Who Is Behind Your Mask? Letting go of the Masquerade
4 There Is Only ONE You...WILL YOU PLEASE REVEAL YOURSELF...
" Sometimes it's not the people who change, it's the mask that falls off".
- Author Unknown
Recently, I watched the movie The Man in the Iron Mask starring, Leonardo DiCaprio and found myself unnerved by the eerie and riveting scene when the young King Louis XIV of France voluntarily chooses to put back on his torturous full-headed heavy iron mask that he'd been forced to wear throughout his six years of captivity despite having been liberated from both his mask and captors. When asked why, he simply states " I feel safer with it on"! Equally jolting, was the scene where DiCaprio is having to endure the fear and painful removal of his iron mask!
As I continued to watch the eventual unfolding and blossoming of this courageous character into full blown self actualization, it struck me how analogous and symbolic the movie was to our individual lives and the many masks we wear for innumerable reasons. Many of us feel forced, as King Louis did, to wear masks that are not of our own making. We feel the burden of carrying around the heaviness of those masks-as depicted by heavy iron of DiCaprio's mask- and yet get quite accustomed to wearing them to the point of believing they are who we are and make our entire lives the masquerade as was symbolized by the "full headed"all encompassing mask in the movie.
Another key comparable to our lives the movie offered was the fear, anguish and pain the character experienced while having the mask removed. We too experience immense fear, pain, anxiety and a full plethora of emotions when we are faced with the challenge of removing or surrendering our masks. Even with the great burden of carrying the spirit-breaking load of our masks, we often have a death grip on them and are ready to launch an all out annihilation on anyone or anything threatening or questioning their existence.

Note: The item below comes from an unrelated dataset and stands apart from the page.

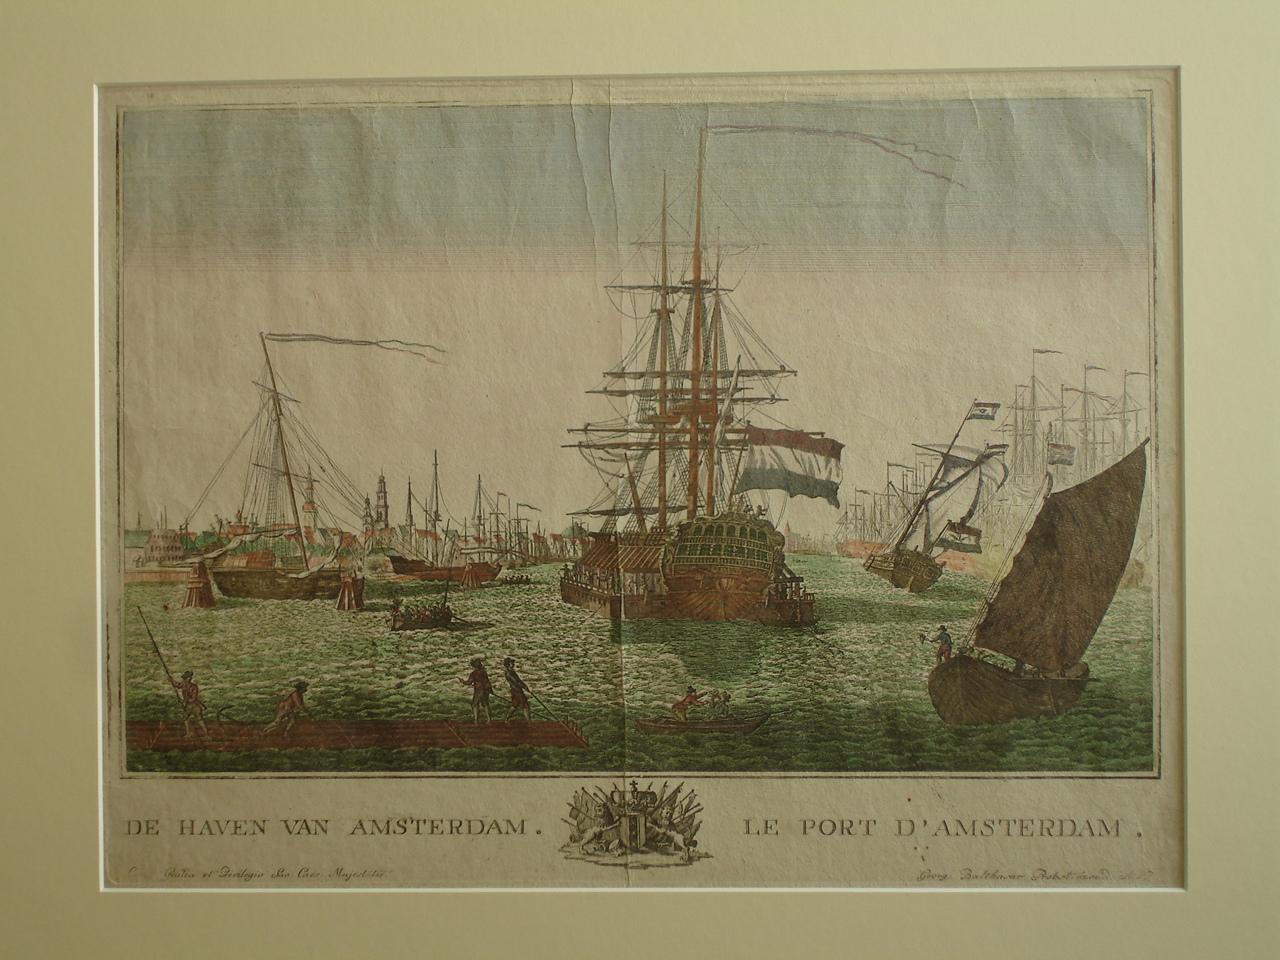 AMSTERDAM.. - De Haven van Amsterdam. Le Port D'Amsterdam.

For me, the questions that ensued following the movie were many and deeply personal as well as ones I hope are eagerly asked and answered by those of us on a journey to live more authentically and in right relationship with our souls. The inquiry into our hearts that the questions pose are long-winded but much needed if we truly are ready to step into the truth of who we genuinely are without our masks of illusion. They begin with are you aware of your mask(s)? What masks are you wearing at this point in your life and have worn in the past? For whom? And, what is the motive behind wearing them? What does the culmination of all your masks look like? And, if you were to create this mask and look at it objectively what would you see? More importantly, are you ready to let them fall away? If not, why not? What are you gaining from upholding the masquerade the mask offers? The answers to these questions generated a deeper than surface longing to understand the reasons behind the masks we all wear and the price for doing so not only to our souls, but also our world.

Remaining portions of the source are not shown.